A spokesperson said: “The TSB Bank is registered in Scotland and will continue to be registered in Scotland,” The Scotsman, February 22 2014.
Clydesdale Bank David Thorburn, Chief Executive:
“As a company we have decided we will stay neutral on this because it is a decision for the Scottish people…We are just getting on with the day job…It is not distracting us at all.” Yorkshire Post, May 9 2014.
Barclays Bank Anthony Jenkins, Chief Executive:
“Independence is a matter for the Scottish people to decide. We think we can make it work either way as a bank.” BBC, February 12 2014.
Standard Life Gerry Grimstone, Chair:
“We have been based in Scotland for 189 years and we are very proud of our heritage. Scotland has been a good place from which to run our business and to compete around the world. We very much hope that this can continue”, Standard Life annual report, 27 February 2014.

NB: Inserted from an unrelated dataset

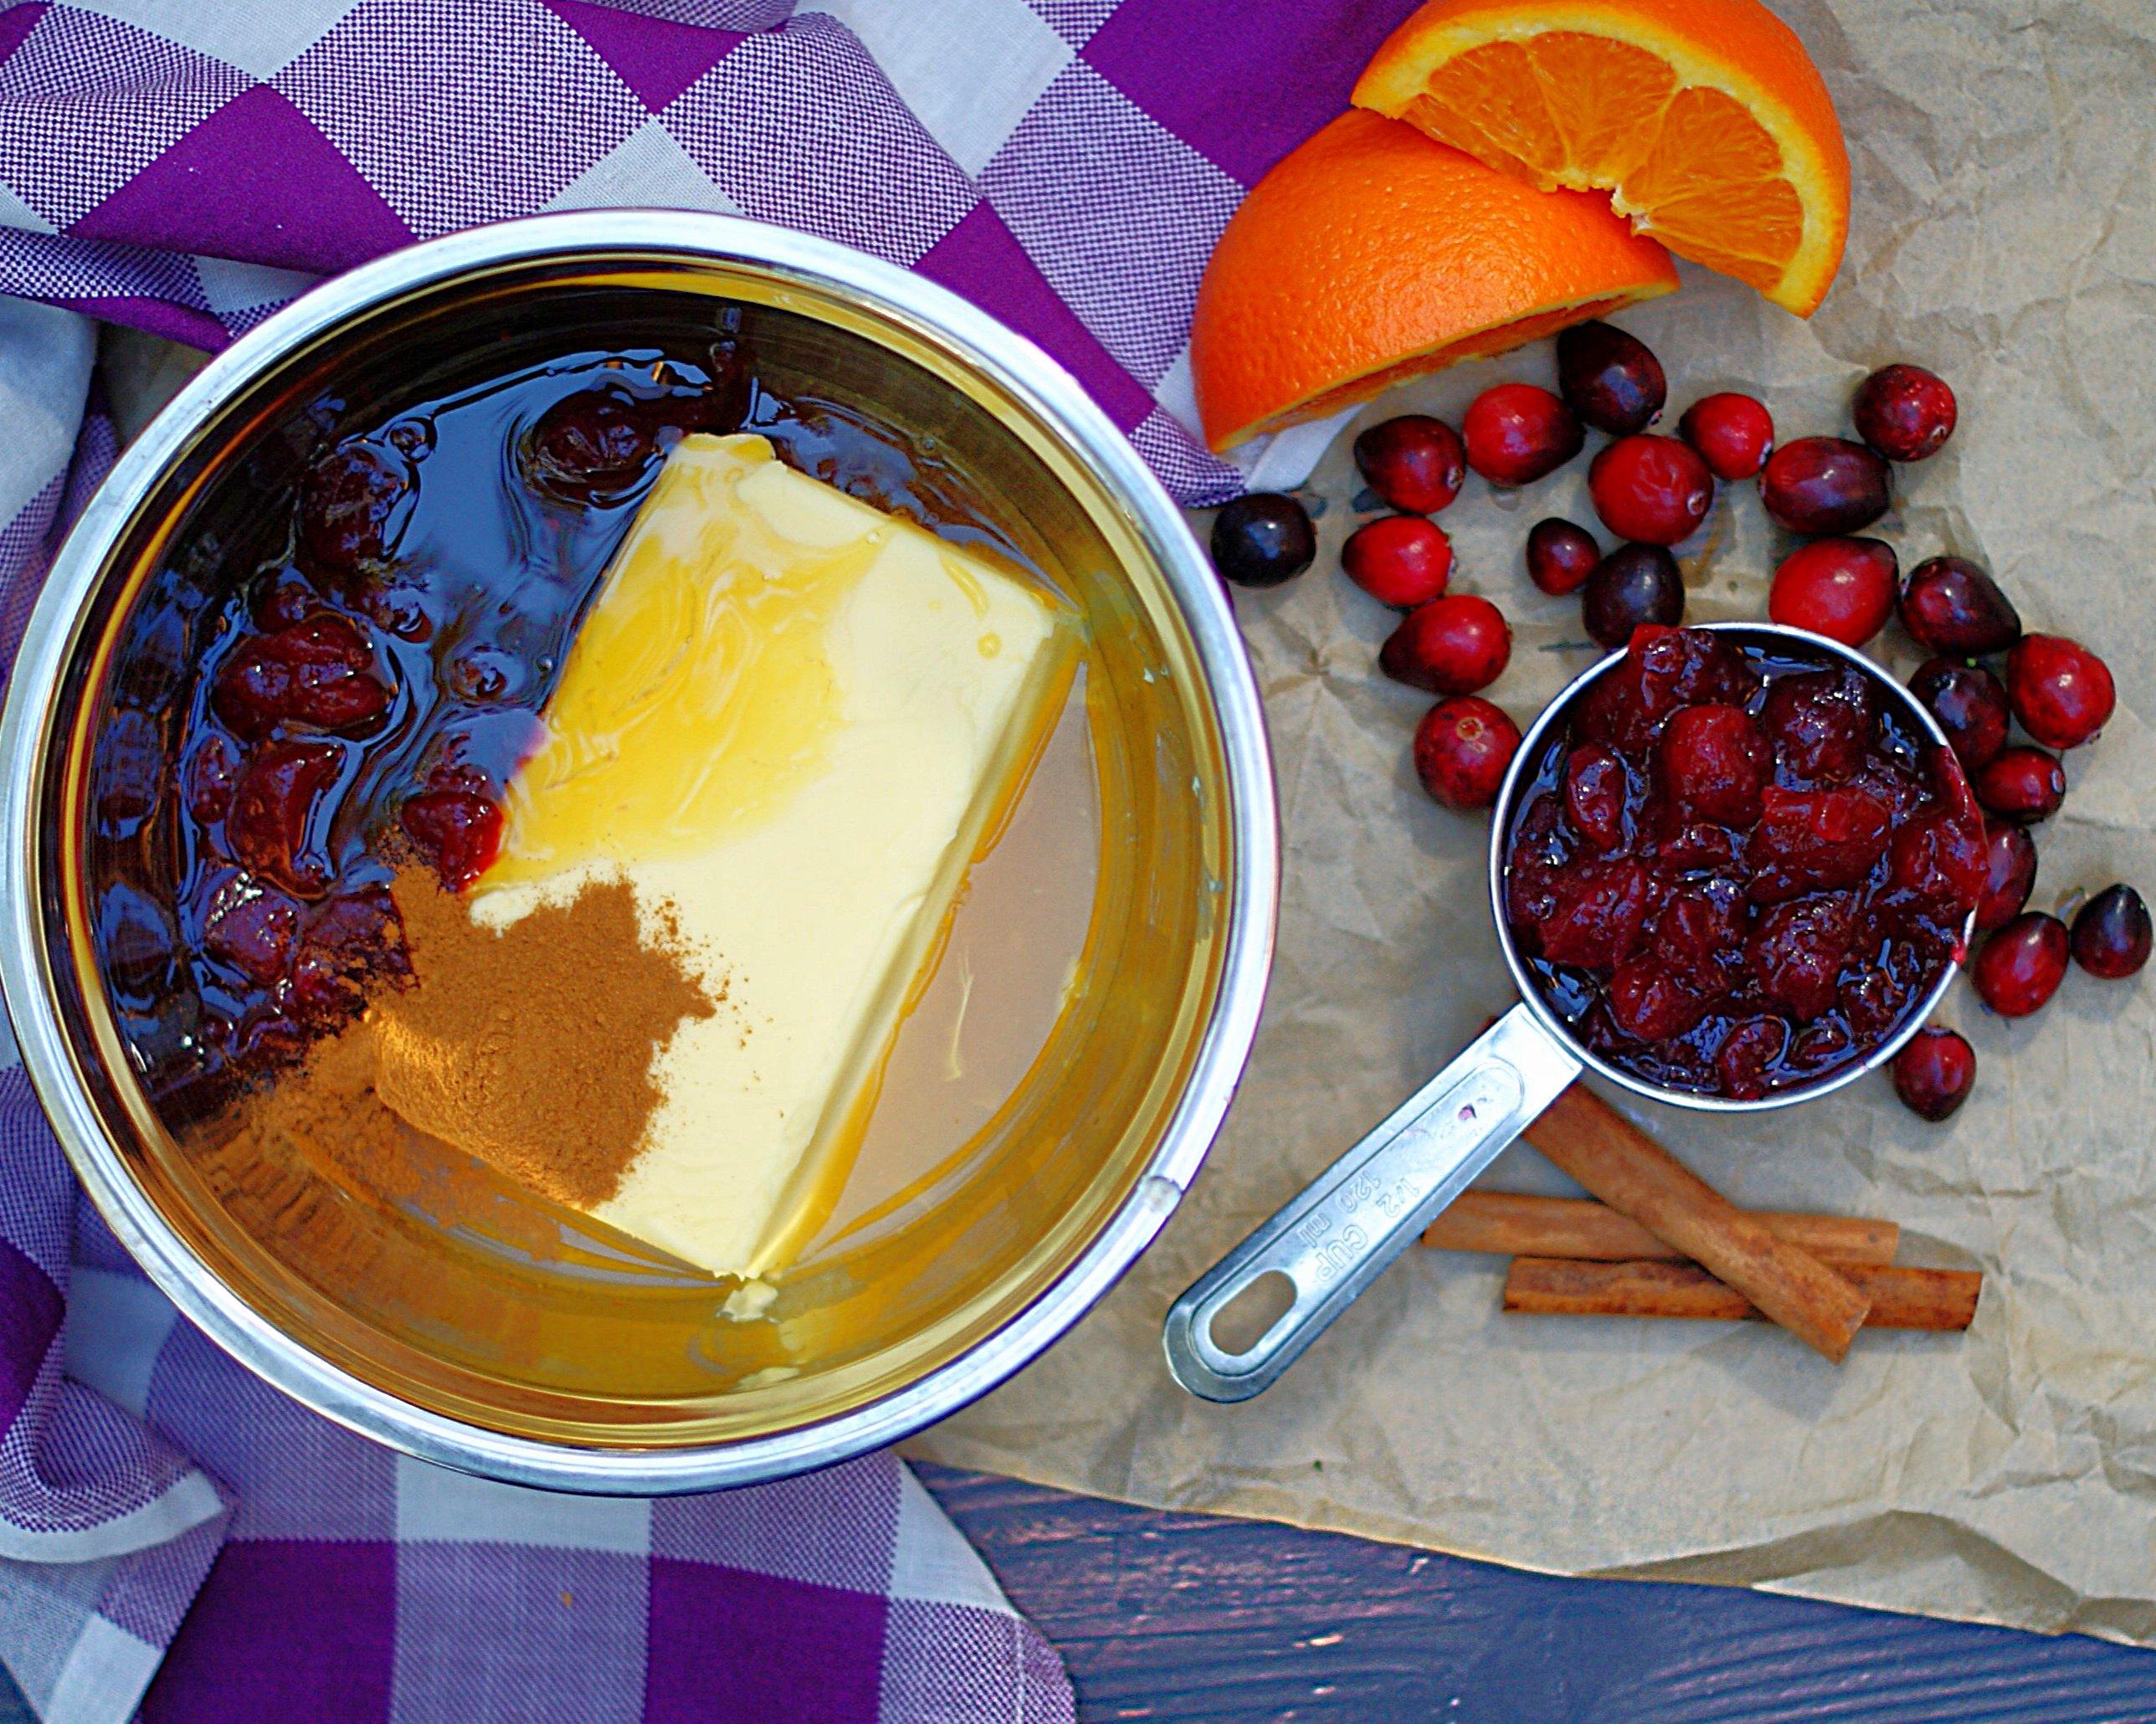 Cranberry Orange Butter ingredients

Standard Life Investments is also reported to have agreed a £75 million development deal at St Andrew’s Square in Edinburgh. They described the deal as “a first class long term investment for our investors.” Business Insider, 17th February 2014. Standard Life also acquired Ignis Asset Management Ltd for £390 million as of 26th March 2014. Ignis is registered in Glasgow, where they employ the majority of their 360 staff. Another vote of confidence If you read the statement issued by Standard Life on independence it does not say anything about leaving Edinburgh in the event of a Yes vote. Instead, it talks about the potential need to restructure subsidiaries. but that’s only in the event of the No Campaign’s doomsday scenario of no common discussions through sensible negotiations. A UK Cabinet Minister told the Guardian earlier this year that his colleagues believe “of course there will be a currency union”. It is in the mutual economic interests of both Scotland and the rest of the UK. This is independently established by world leading experts like Professor Leslie Young of Beijing University (through the Hunter Foundation), Professor Joe Stiglitz of Columbia University and Professor Jim Mirrlees of Cambridge University.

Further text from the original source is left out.